See this [Agent experiment example](https://www.usevelvet.com/dashboard/velvet-demo/sandbox-logs/evaluations/exp_01jef0n8t27tdj6akrevtas710) in the Velvet demo space.

See this Agent experiment example in the Velvet demo space.


Example

Evaluate AI agents using two main approaches; Unit testing and end-to-end testing.


Unit Testing AI Agents

Unit testing involves breaking down the AI agent into its smallest functional components and testing each one individually.

To test AI agents one unit at a time, you can break the AI agent into individual components, and use a basic configuration to test each unit.

{
  "name": "AI Agent Single Step Evaluation",
  "description": "This experiment tests prompt responses on a single step of an AI agent that infers a list of criteria from LinkedIn profile texts.",
  "prompts": [
    [
      {
        "role": "system",
        "content": "You are a helpful assistant"
      },
      {
        "role": "user",
        "content": "Infer a list of criteria for this person such as works at a startup, is a founder, HQ location, etc: {{body}}"
      }
    ]
  ],
  "providers": [
    {
      "id": "openai:gpt-3.5-turbo-0125",
      "config": {
        "max_tokens": 1024,
        "temperature": 0.1
      }
    },
    {
      "id": "openai:gpt-4o-mini",
      "config": {
        "organization": "",
        "temperature": 0.1,
        "max_tokens": 1024,
        "top_p": 1,
        "frequency_penalty": 0,
        "presence_penalty": 0
      }
    }
  ],
  "tests": [
    {
      "vars": {
        "body": "Andrew Ng. Founder of DeepLearning.AI; Managing General Partner of AI Fund; Exec Chairman of Landing AI. HQ in New York Area."
      },
      "assert": [
        {
          "type": "factuality",
          "value": "Is a founder"
        },
        {
          "type": "model-graded-closedqa",
          "value": "Mentions work location"
        }
      ]
    },
    {
      "vars": {
        "body": "Mark Hanover. Executive Chef at Canva. Located at The Rocks, New South Wales, Australia."
      },
      "assert": [
        {
          "type": "factuality",
          "value": "Is not a founder"
        },
        {
          "type": "model-graded-closedqa",
          "value": "Mentions work location"
        }
      ]
    }
  ]
}

See API configurations for additional evaluation examples.
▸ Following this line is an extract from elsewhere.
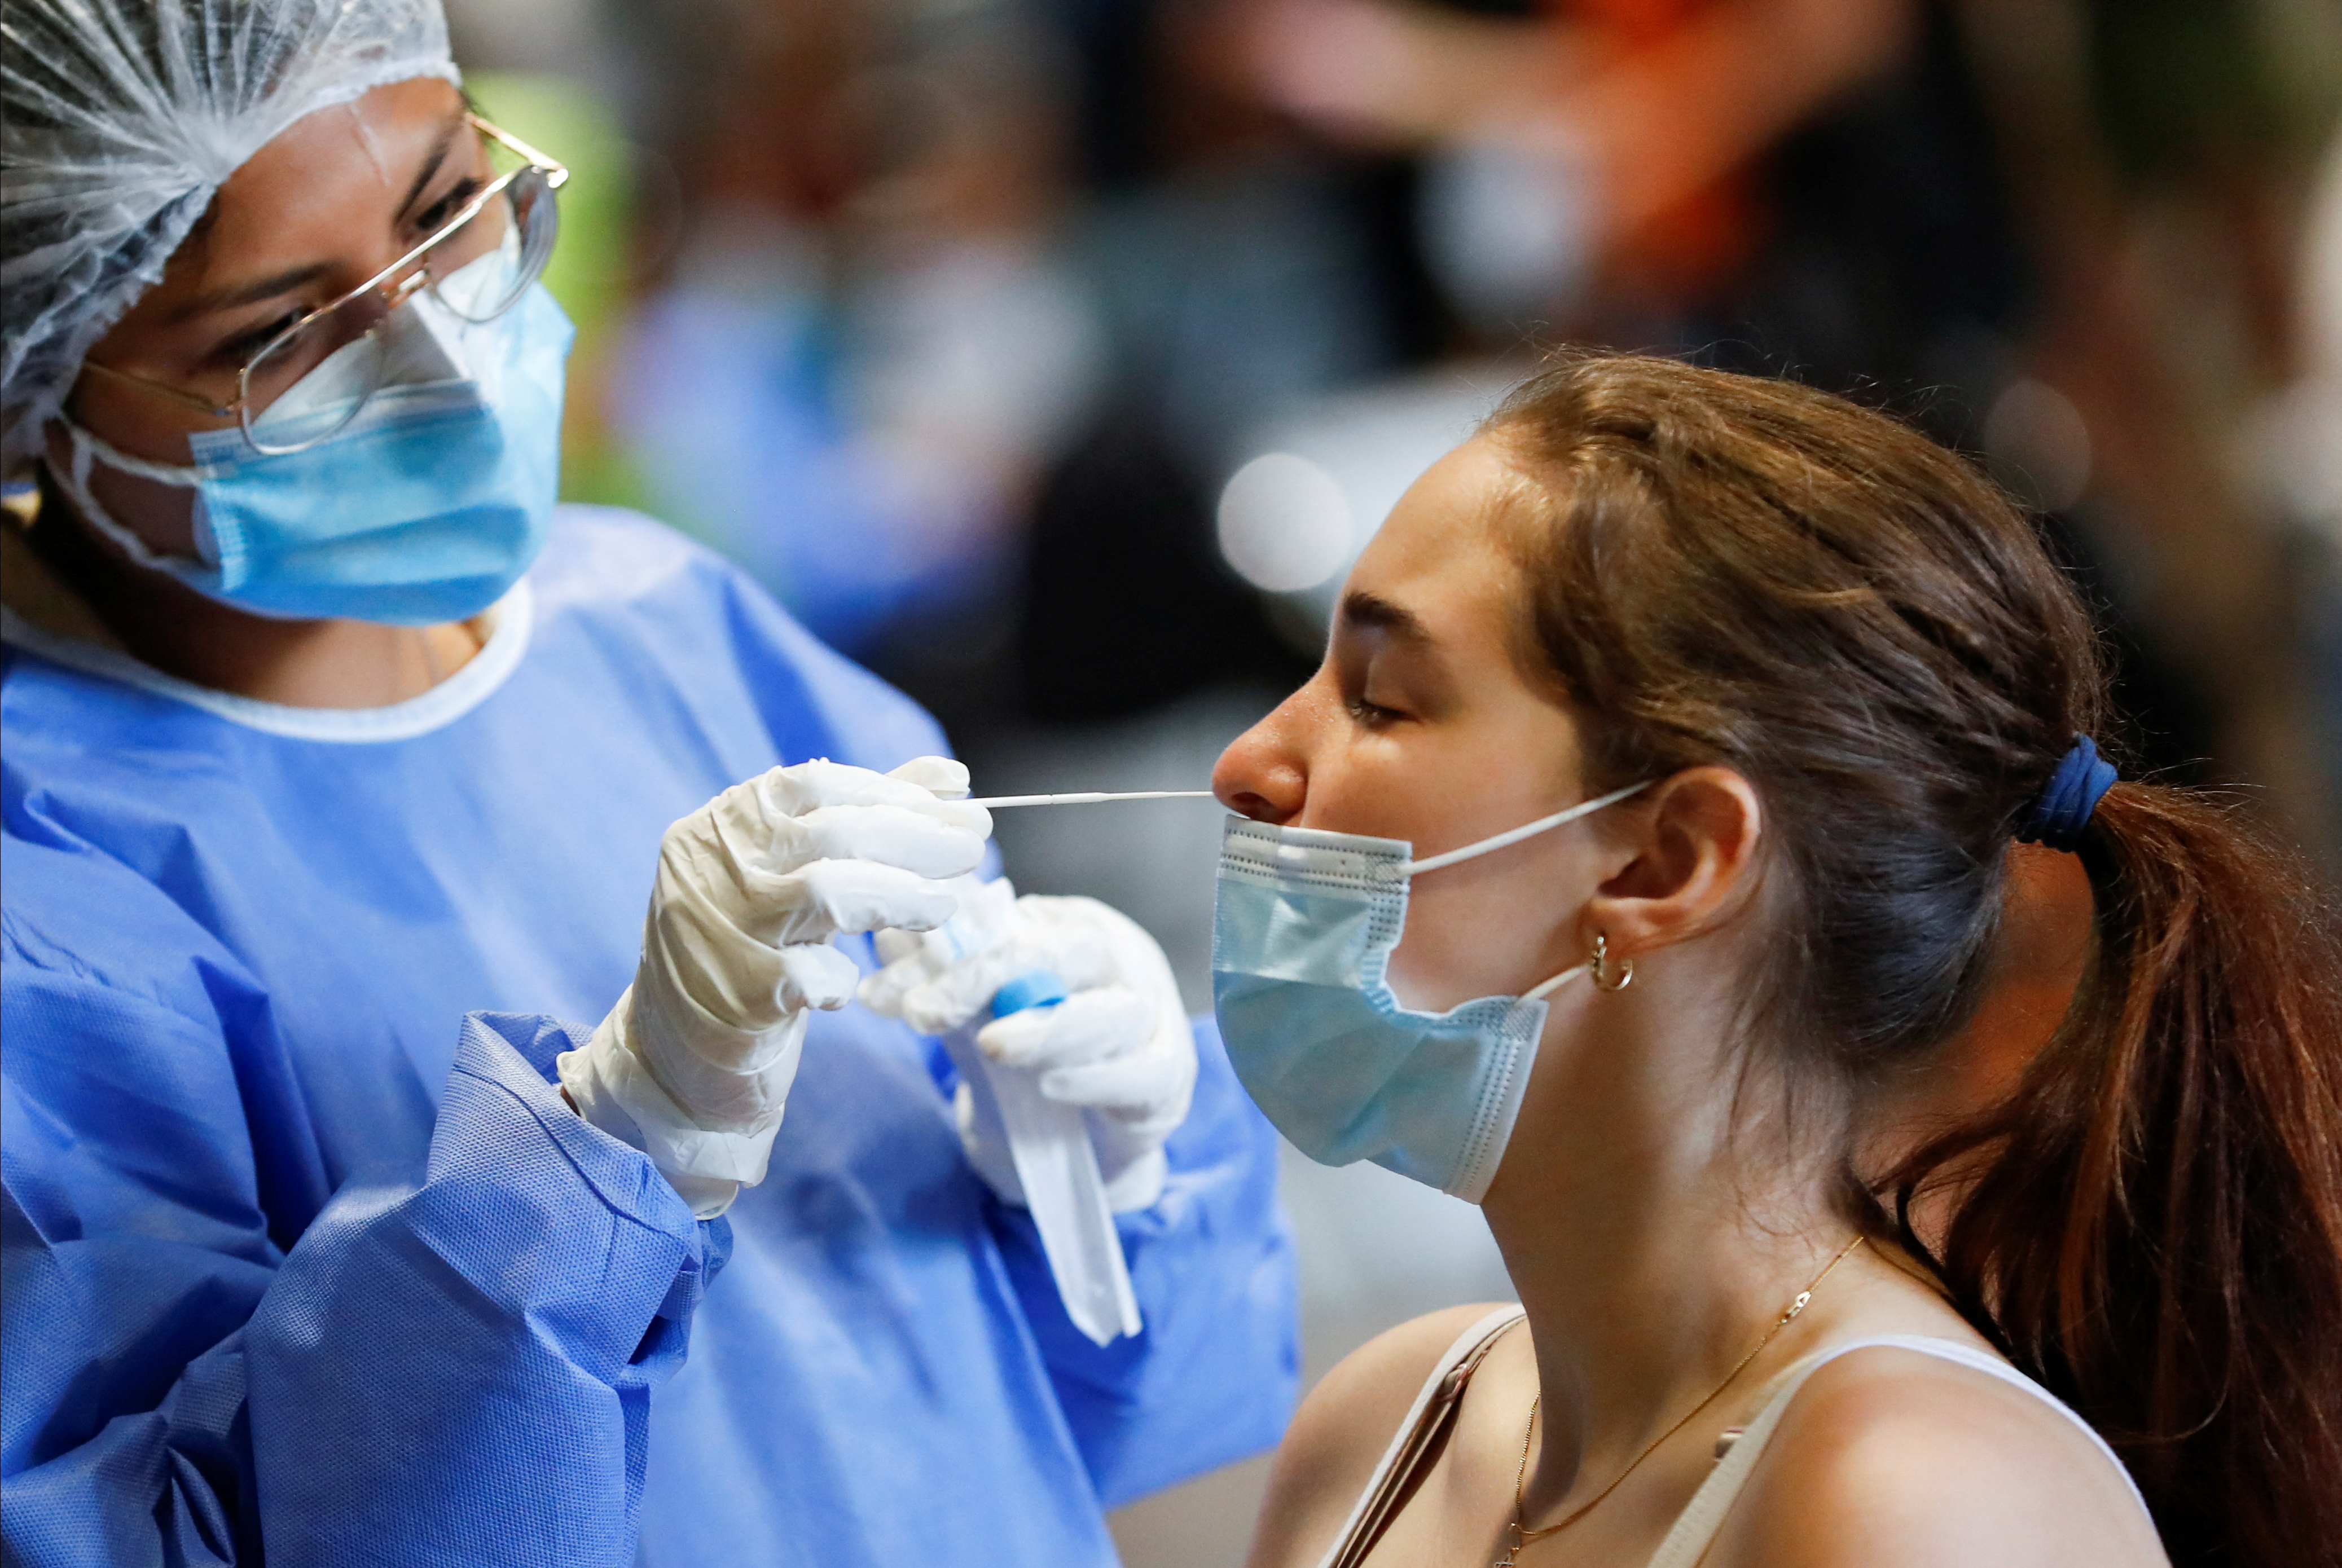 L'augmentation des infections se poursuit, selon le rapport COVID de cette semaine / REUTERS/Agustin Marcarian

End-to-End Testing for AI Agents

End-to-end testing assesses the AI agent's overall performance from start to finish. This approach is crucial for understanding how well the entire system functions when all components are integrated.
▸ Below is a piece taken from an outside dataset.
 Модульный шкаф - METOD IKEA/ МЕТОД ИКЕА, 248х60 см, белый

To test the entire AI agent end to end, provide an API that takes an input and outputs the result of your AI agent. Below is an example configuration to test your AI agent by sending questions to an API endpoint.

{  
  "name": "AI Agent End to End Evaluation",
  "prompts": [  
    "{{question}}"  
  ],  
  "providers": [  
    {  
      "id": "https", 
      "config": {  
        "url": "https://example-ai-agent.com/process",  
        "method": "POST",
        "headers": {  
          "Content-Type": "application/json"  
        },
        "body": {  
          "question": "{{question}}"
        }
      }  
    }  
  ], 
  "tests": [
    {  
      "vars": {  
        "question": "Who are the top AI startup founders in United States with an in-house chef in the startup?"
      },  
      "assert": [
        {  
          "type": "contains-all",  
          "value": [  
            "Melanie Perkins",  
            "Sam Altman"
          ]  
        }  
      ]  
    }  
  ]  
}  

For more on evaluation metric configurations, see our reference guides.


Summary

Use evaluations to reliably test AI agents in production. Avoid unreliable reasoning, inconsistent data flow, and hallucinations. Implement testing to increase confidence in your AI agents, and improve them over time.